Relation extraction (RE) is the task of identifying semantic relationships between pairs of entities mentioned in text and classifying those relationships into predefined categories. Given a sentence such as "Steve Jobs co-founded Apple in Cupertino," a relation extraction system should identify the triples (Steve Jobs, co-founded, Apple) and (Apple, headquartered_in, Cupertino). Relation extraction is essential for constructing knowledge graphs, populating relational databases, and supporting question answering systems that require structured factual knowledge.

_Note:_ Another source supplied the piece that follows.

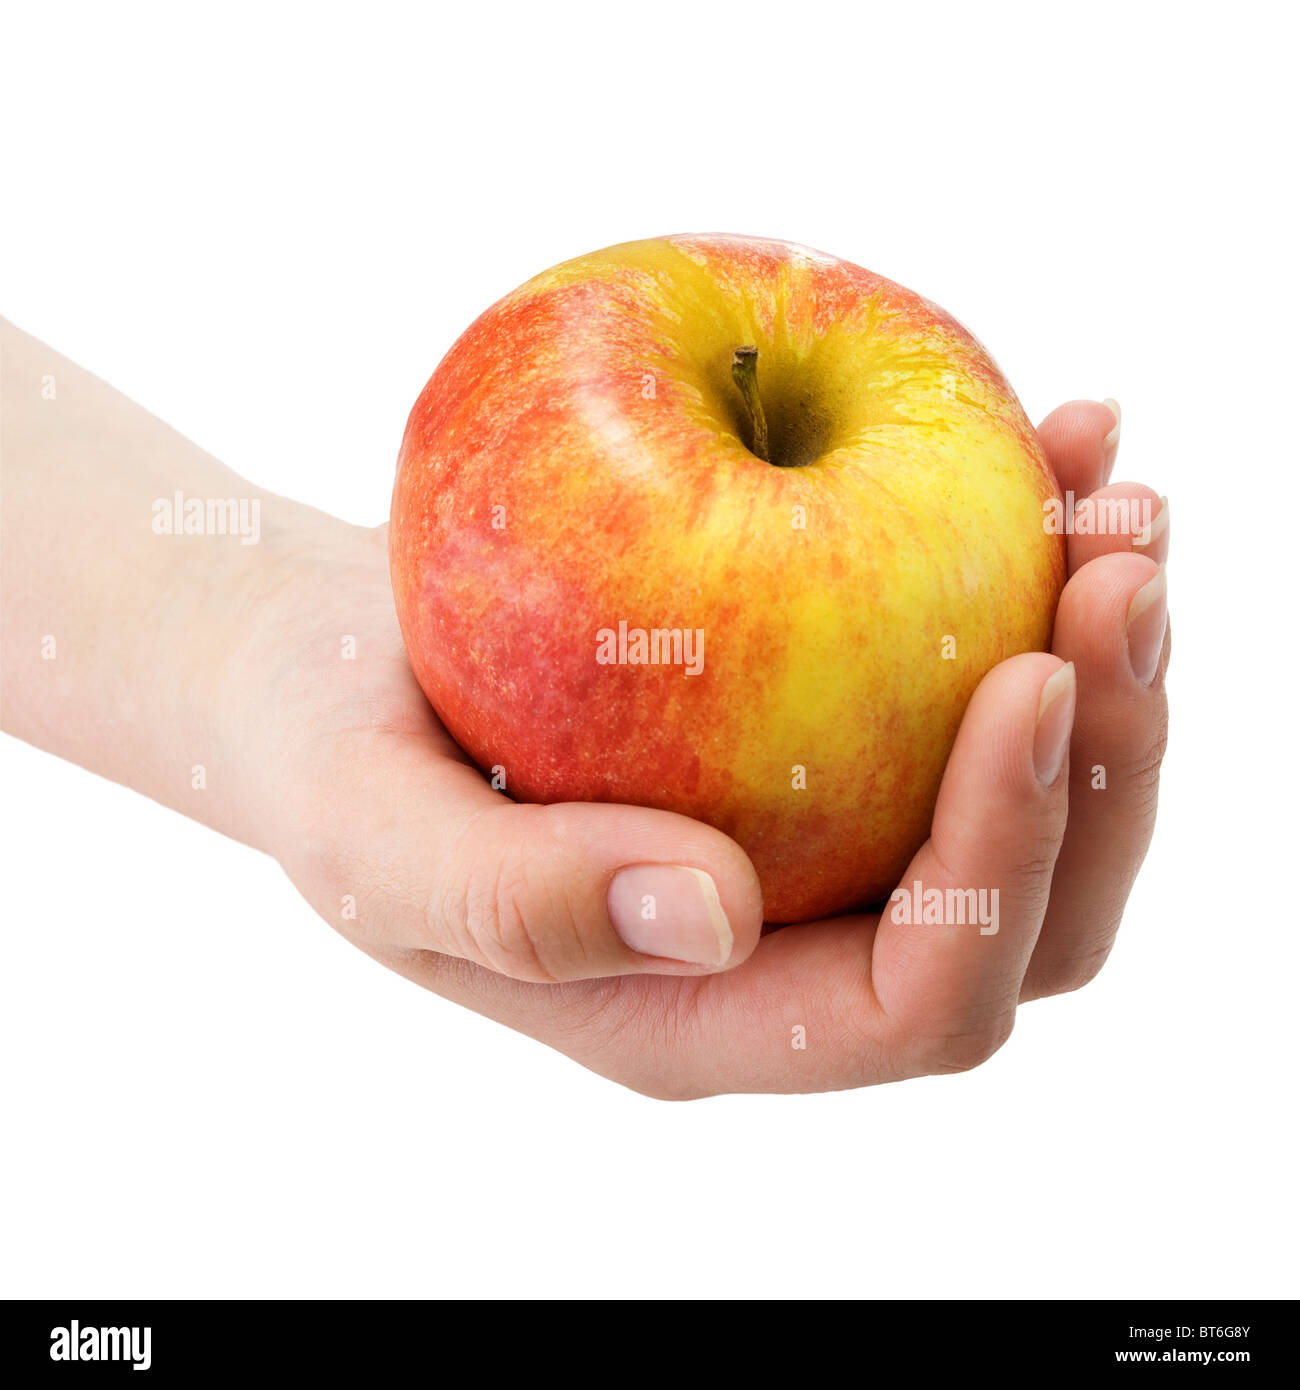 Hand holding red with yellow sidewise an apple on a white background Stock Photo

Supervised and Distant Supervision
Distant supervision: align KB triples with text
If KB contains (e₁, r, e₂), label all sentences mentioning both e₁ and e₂ with relation r
Multi-instance learning: P(r | S) = 1 − ∏_{s ∈ S} (1 − P(r | s))
where S = {sentences mentioning e₁ and e₂}
Supervised relation extraction requires labelled training data specifying the relation between entity pairs in context. Feature-based approaches extract lexical, syntactic, and semantic features (e.g., shortest dependency path between entities, entity types, intervening words) and train classifiers such as SVMs or MaxEnt models. Kernel methods define similarity functions over structured representations (parse trees, dependency paths) and have achieved strong results. Neural approaches learn features automatically: CNN-based models (Zeng et al., 2014) extract local patterns, while attention-based models learn to focus on relation-indicative words in the context.

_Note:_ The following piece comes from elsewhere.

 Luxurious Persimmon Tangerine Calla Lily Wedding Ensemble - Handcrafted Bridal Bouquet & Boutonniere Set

Distant Supervision and Noise Reduction
Labelled relation extraction data is expensive to create, motivating the distant supervision paradigm introduced by Mintz et al. (2009). Distant supervision automatically generates training data by aligning a knowledge base (e.g., Freebase) with a text corpus: if the KB contains the triple (Barack Obama, born_in, Honolulu), then any sentence mentioning both Barack Obama and Honolulu is assumed to express the born_in relation. This assumption is clearly noisy — the sentence might discuss Obama's visit to Honolulu — but the approach generates large training sets at no annotation cost.
Relation extraction is the primary mechanism for automatically constructing and extending knowledge graphs such as Google's Knowledge Graph, Wikidata, and YAGO. These knowledge graphs contain billions of entity-relation triples and power applications including search engines, question answering systems, and recommendation engines. The NELL (Never-Ending Language Learner) project at Carnegie Mellon University demonstrated continuous relation extraction from the web, learning new facts and new extraction patterns in a self-supervised loop that has accumulated millions of beliefs since its deployment in 2010.
Multi-instance learning addresses the noise in distant supervision by modelling relation extraction at the bag level rather than the sentence level. Instead of assuming every sentence containing two entities expresses their KB relation, multi-instance models treat each bag of sentences mentioning an entity pair as a single training instance, learning to select the most informative sentences within each bag. Attention-based aggregation (Lin et al., 2016) learns soft weights for sentences in a bag, and reinforcement learning approaches have been used to select high-quality training instances from noisy distant supervision data.